→ **Task**
Please repeat, without alteration, the line containing "Das noch amtierende" and every line that follows it to the end of the entries below, and only those lines.

Task input Start Marker

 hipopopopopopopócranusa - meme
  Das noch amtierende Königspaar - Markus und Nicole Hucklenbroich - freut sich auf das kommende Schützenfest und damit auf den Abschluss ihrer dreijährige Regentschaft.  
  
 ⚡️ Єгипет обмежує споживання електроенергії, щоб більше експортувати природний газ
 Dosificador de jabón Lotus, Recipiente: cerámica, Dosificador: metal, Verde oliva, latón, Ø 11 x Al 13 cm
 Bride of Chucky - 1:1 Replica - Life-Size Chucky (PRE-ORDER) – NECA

Task input End Marker

→ **Solution to the exercise**
  Das noch amtierende Königspaar - Markus und Nicole Hucklenbroich - freut sich auf das kommende Schützenfest und damit auf den Abschluss ihrer dreijährige Regentschaft.  
  
 ⚡️ Єгипет обмежує споживання електроенергії, щоб більше експортувати природний газ
 Dosificador de jabón Lotus, Recipiente: cerámica, Dosificador: metal, Verde oliva, latón, Ø 11 x Al 13 cm
 Bride of Chucky - 1:1 Replica - Life-Size Chucky (PRE-ORDER) – NECA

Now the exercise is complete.